## INSTRUCTIONS TO FOLLOW:
All entries below are to be written out again exactly, but no picture is to be copied.

### TASK INPUTS

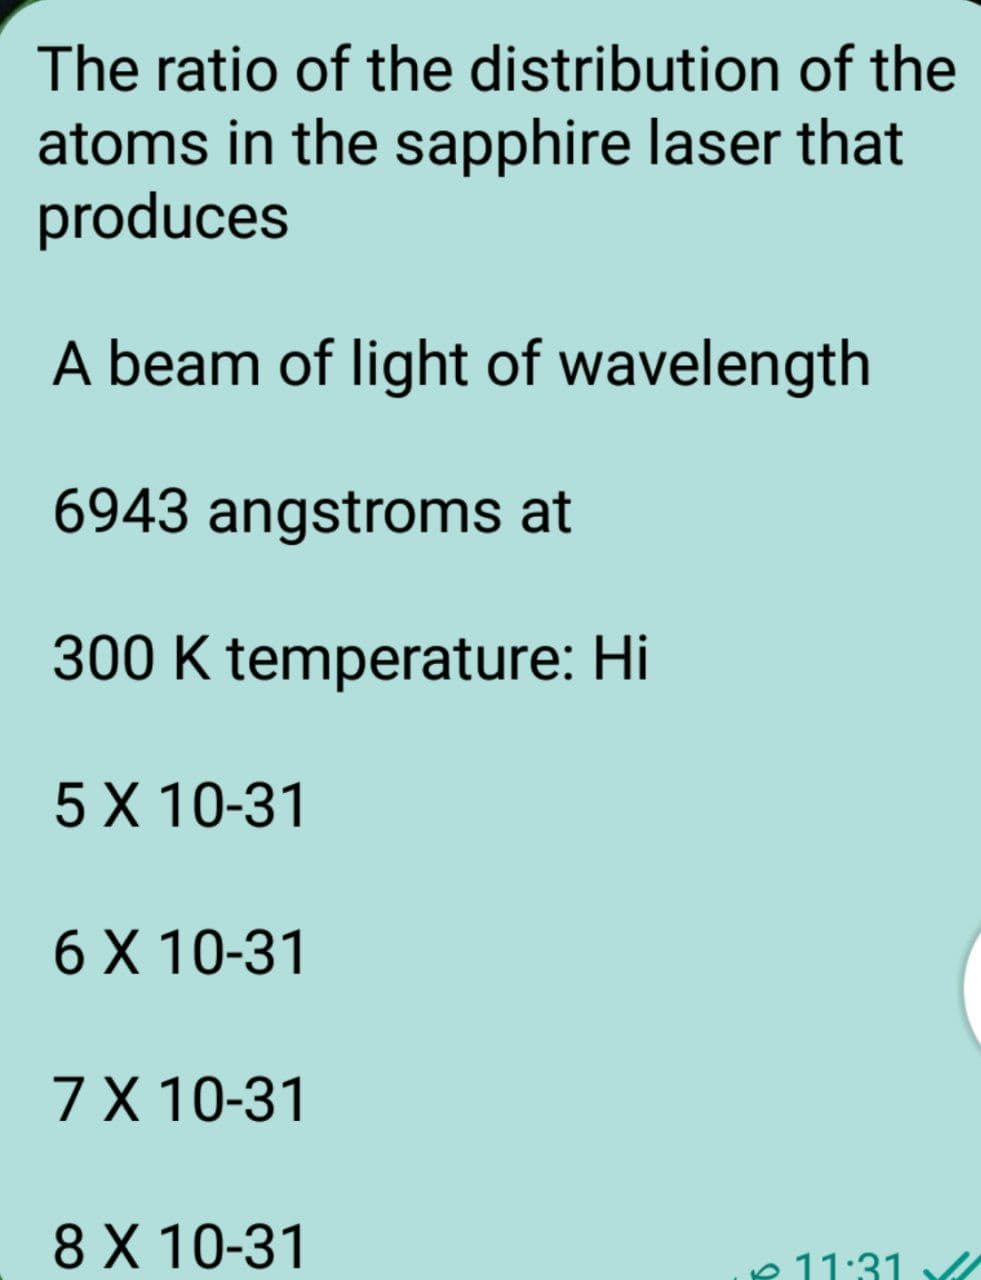 The ratio of the
distribution
of the
atoms in the sapphire laser that
produces
A beam of light of wavelength
6943 angstroms at
300 K temperature: Hi
5 X 10-31
6 X 10-31
7 X 10-31
8 X 10-31
11:31

######

## FINISHED TASK:
 The ratio of the
distribution
of the
atoms in the sapphire laser that
produces
A beam of light of wavelength
6943 angstroms at
300 K temperature: Hi
5 X 10-31
6 X 10-31
7 X 10-31
8 X 10-31
11:31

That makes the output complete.